Record excerpts:
=-=-=
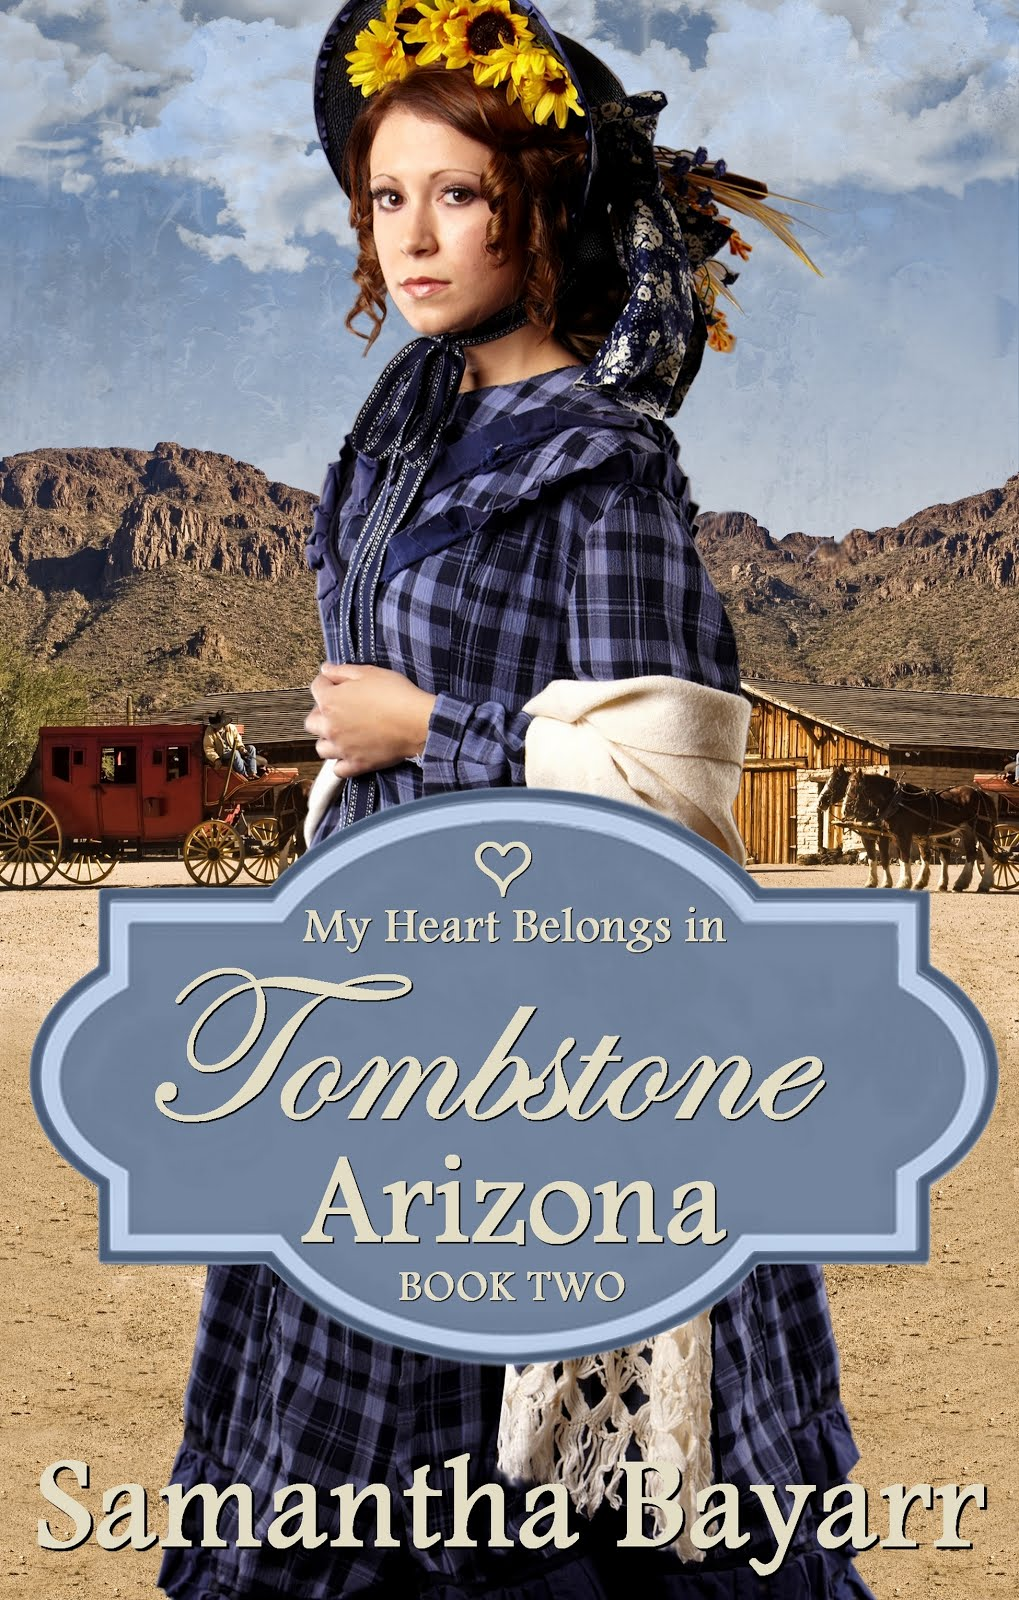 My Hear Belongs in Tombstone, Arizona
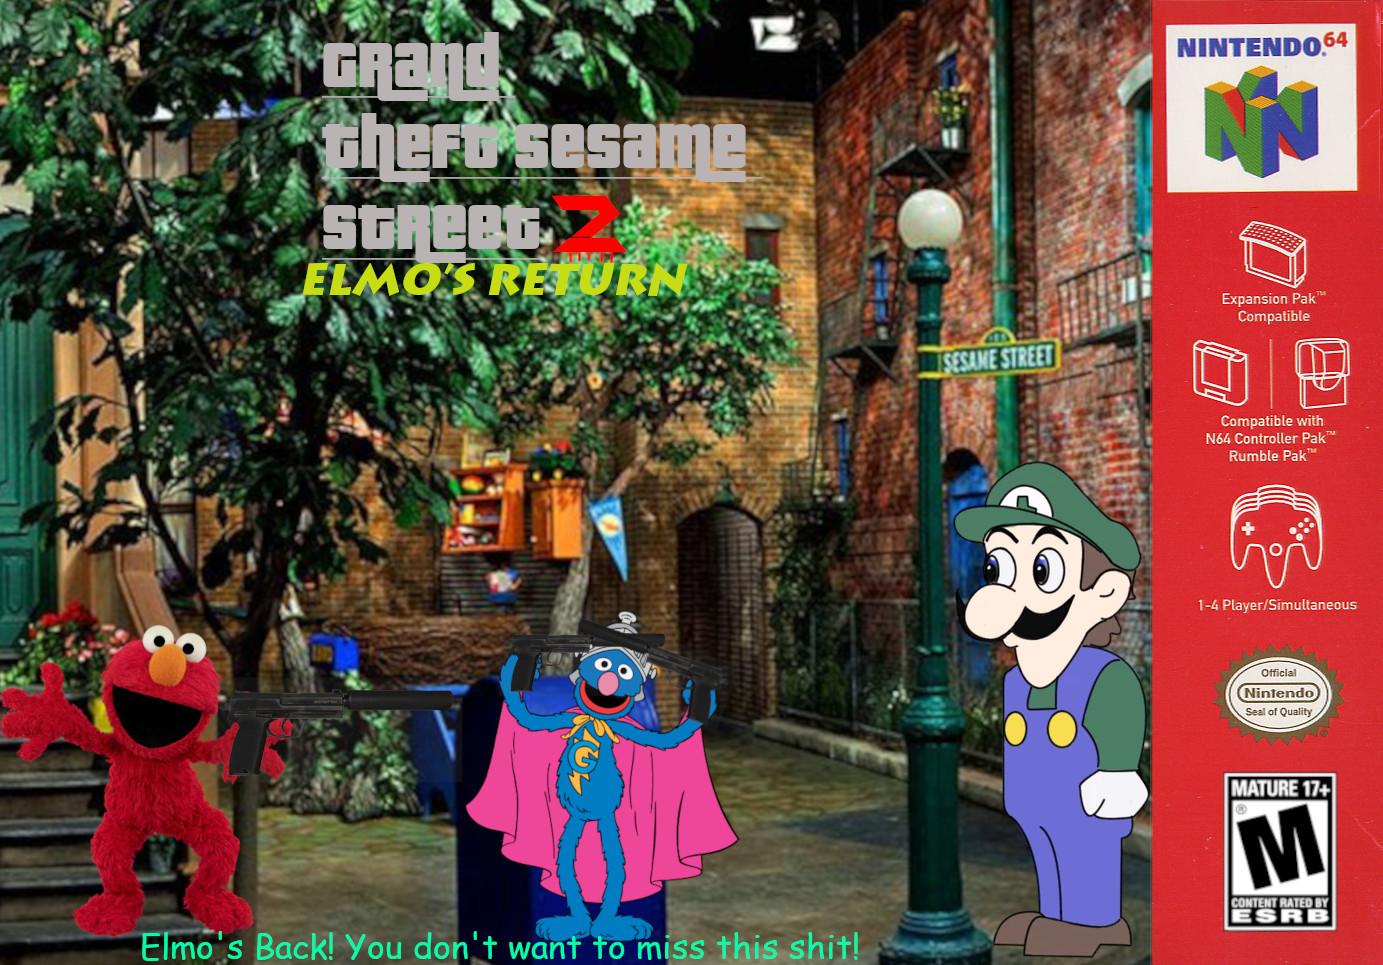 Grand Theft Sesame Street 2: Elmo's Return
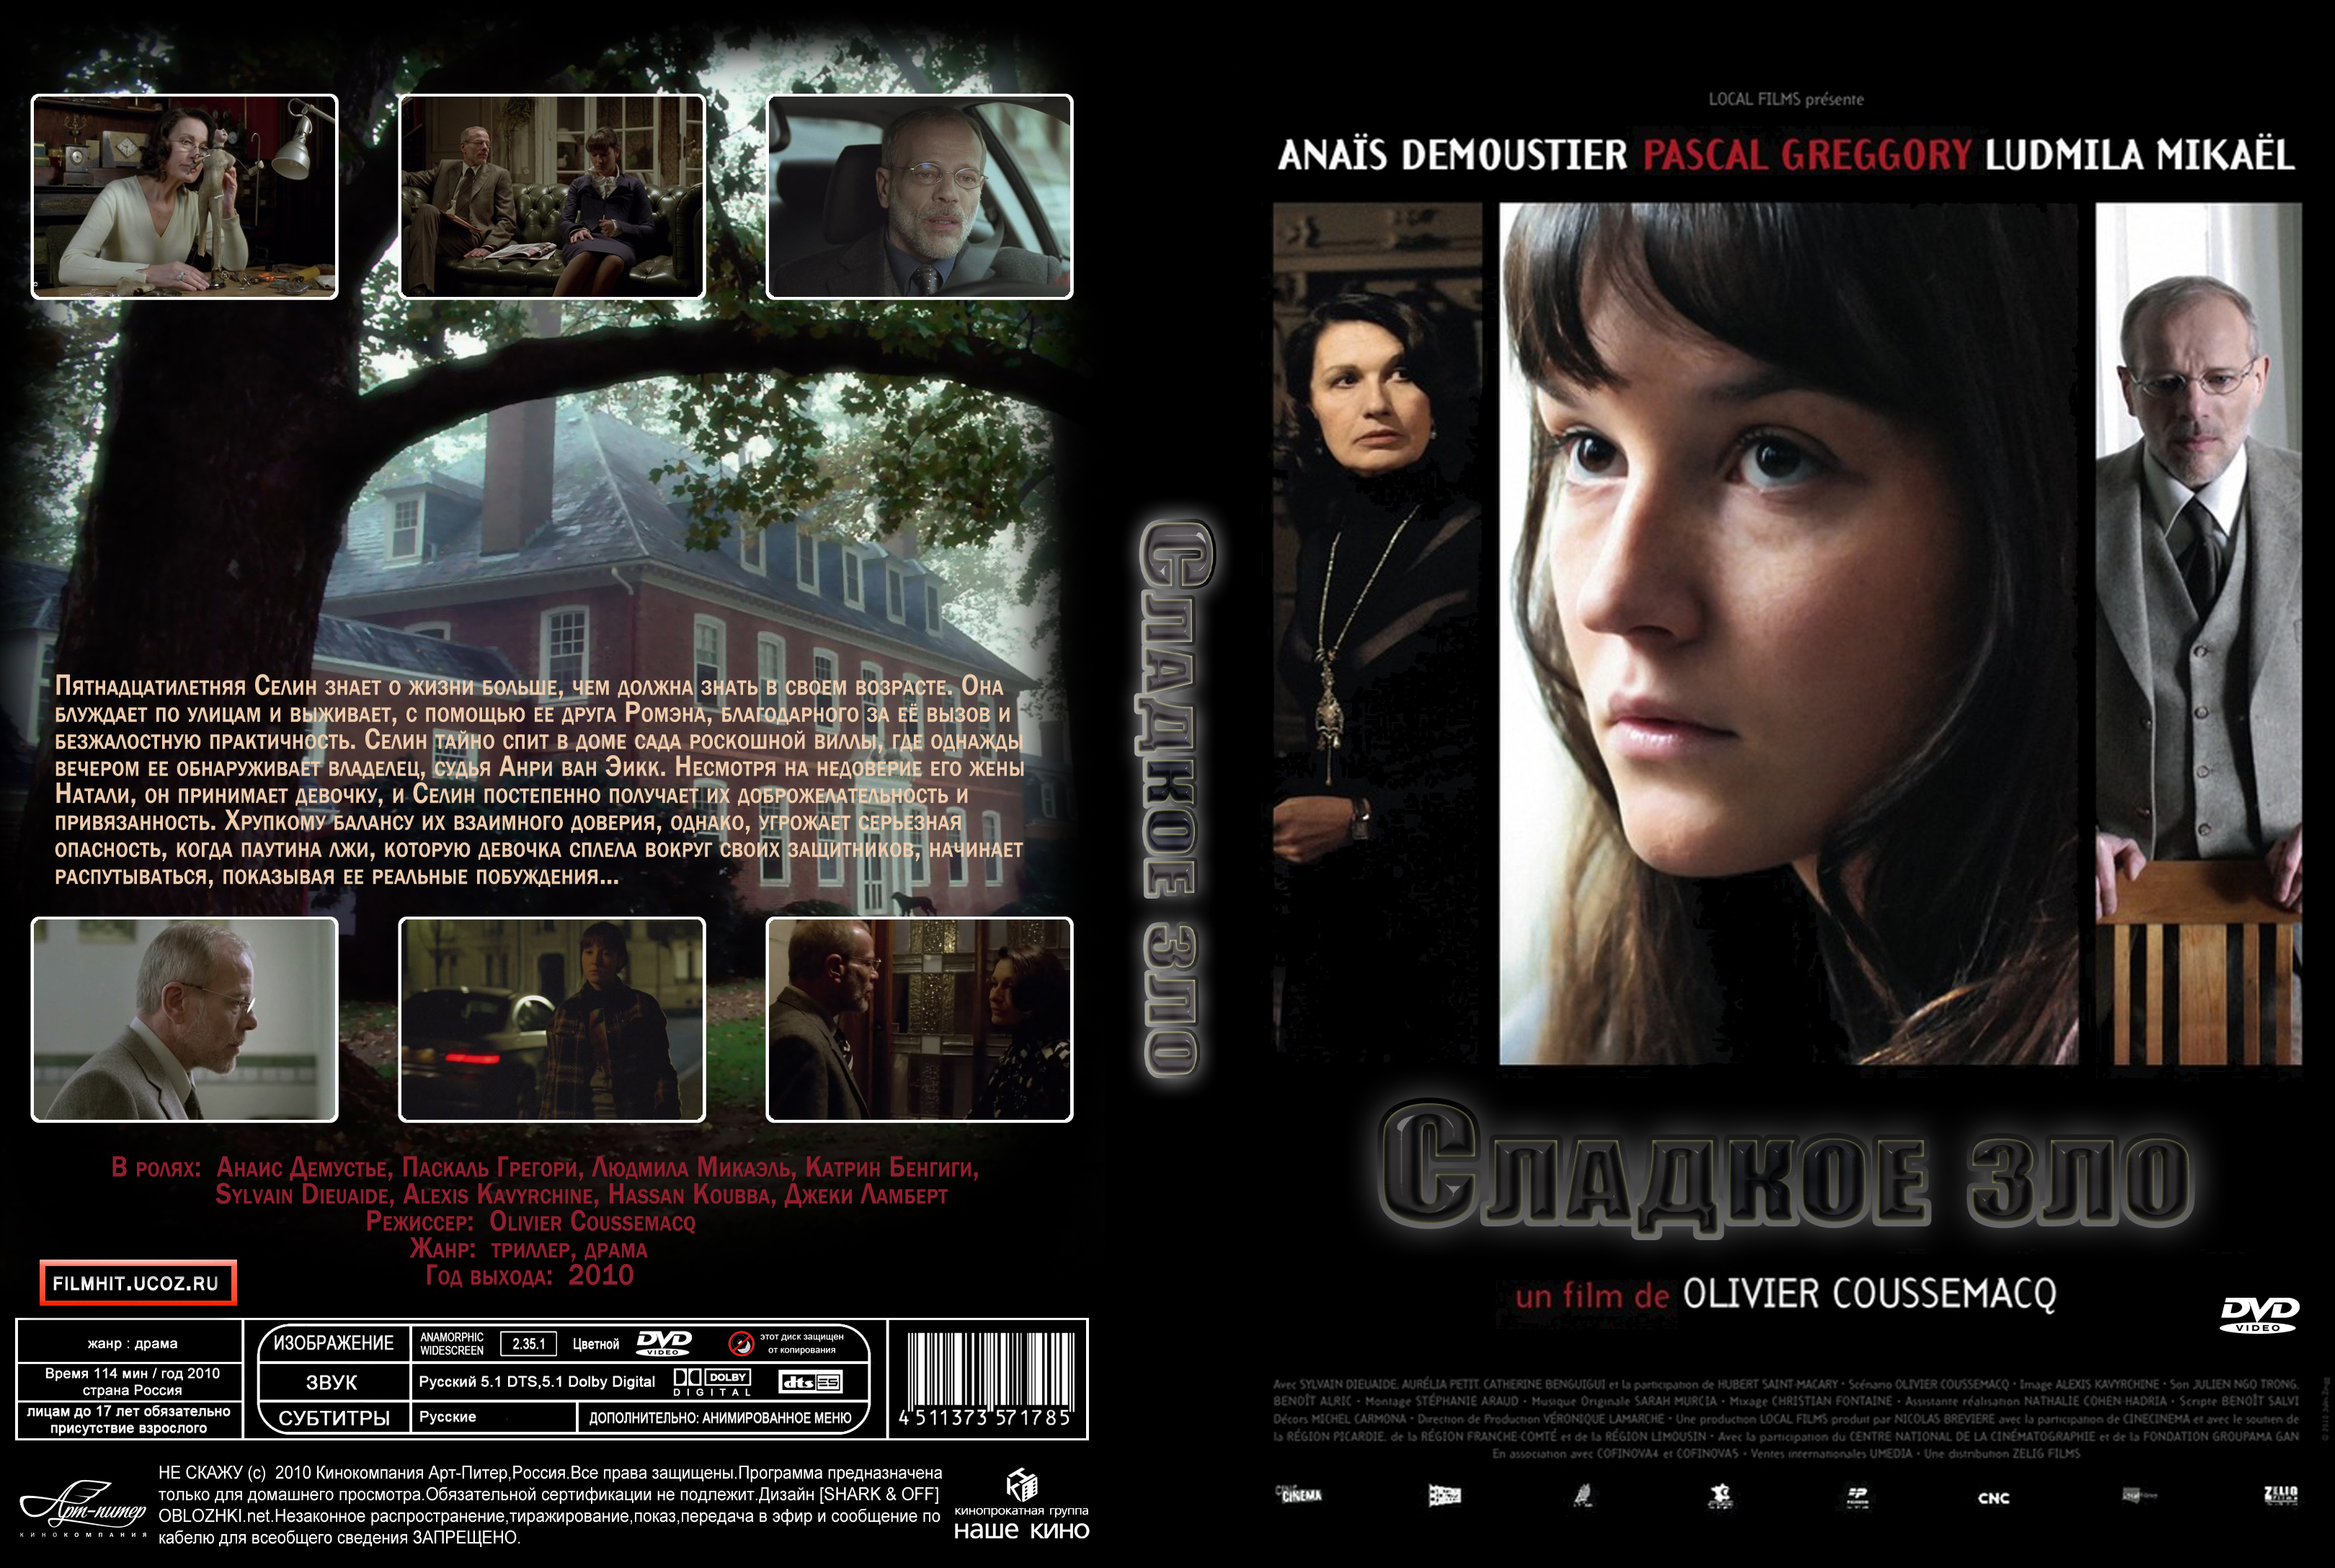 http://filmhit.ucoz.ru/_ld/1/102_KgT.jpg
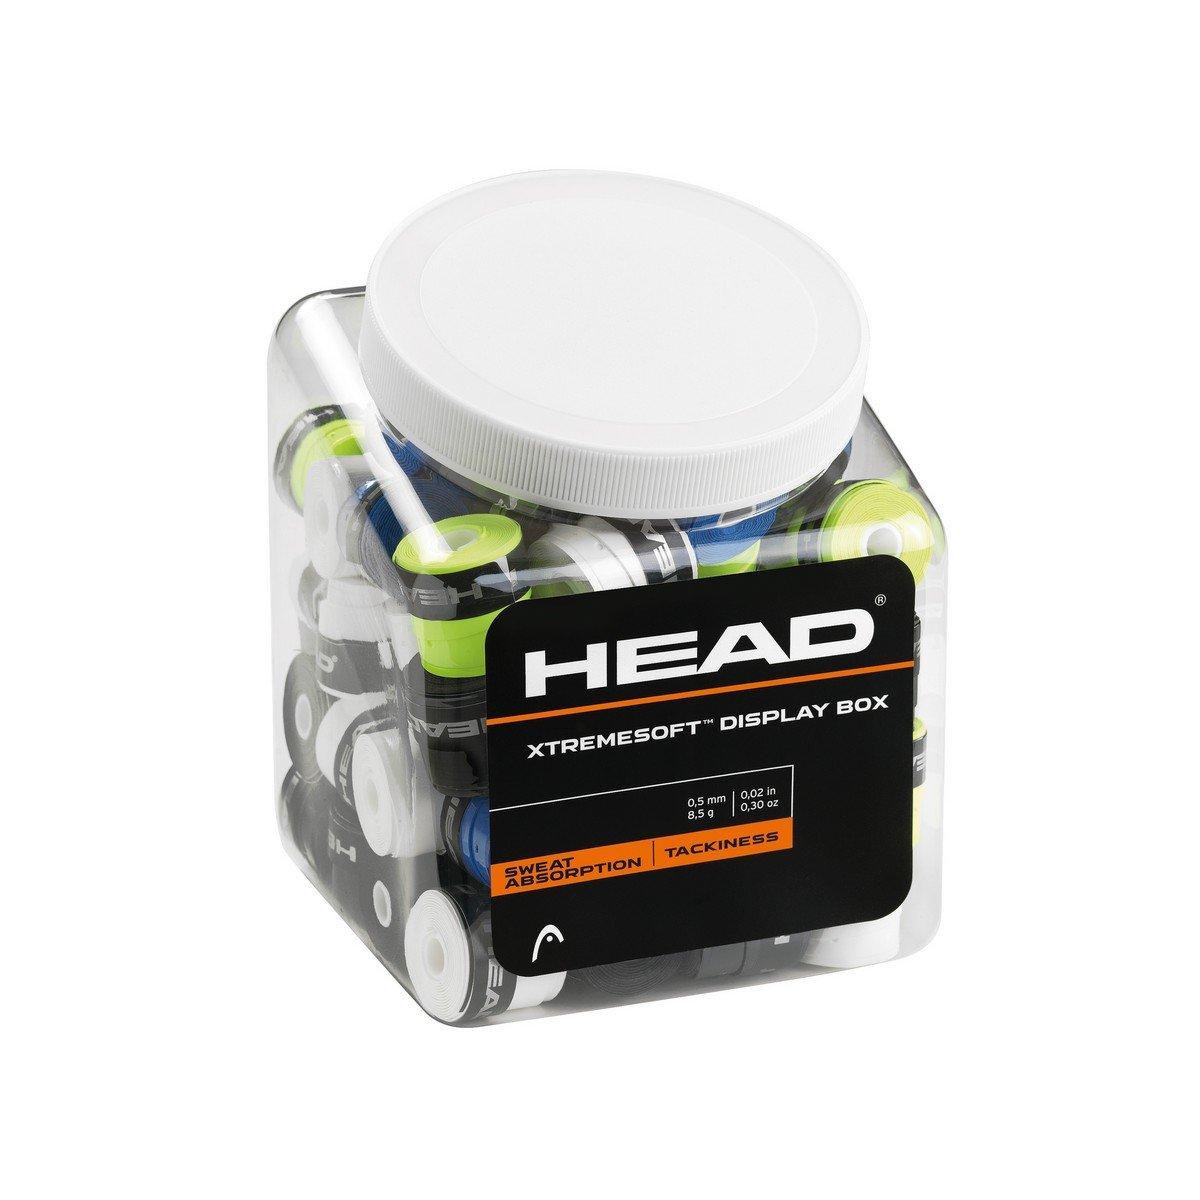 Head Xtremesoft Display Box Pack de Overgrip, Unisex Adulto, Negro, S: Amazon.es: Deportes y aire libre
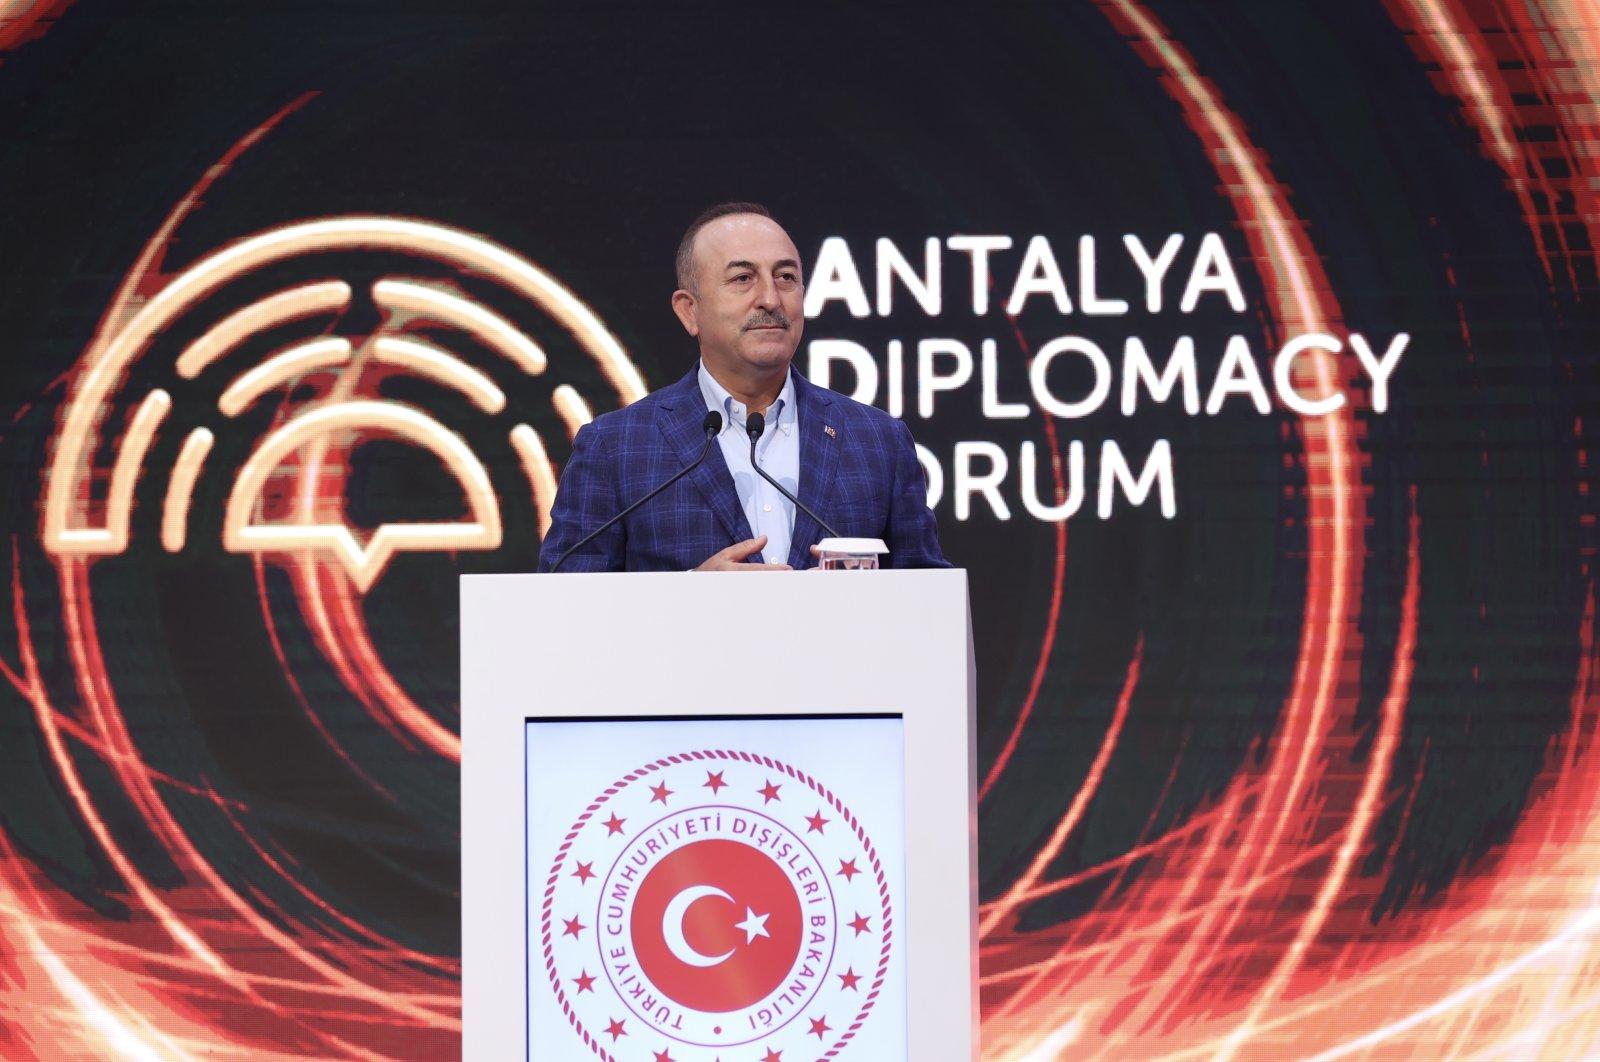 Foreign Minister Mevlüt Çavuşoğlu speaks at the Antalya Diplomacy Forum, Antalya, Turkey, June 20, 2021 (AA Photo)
=-=-=
Prompt: Now transcribe all the entries above exactly, so that no picture is carried over.

Output of the exercise:
 My Hear Belongs in Tombstone, Arizona
 Grand Theft Sesame Street 2: Elmo's Return
 http://filmhit.ucoz.ru/_ld/1/102_KgT.jpg
 Head Xtremesoft Display Box Pack de Overgrip, Unisex Adulto, Negro, S: Amazon.es: Deportes y aire libre
 Foreign Minister Mevlüt Çavuşoğlu speaks at the Antalya Diplomacy Forum, Antalya, Turkey, June 20, 2021 (AA Photo)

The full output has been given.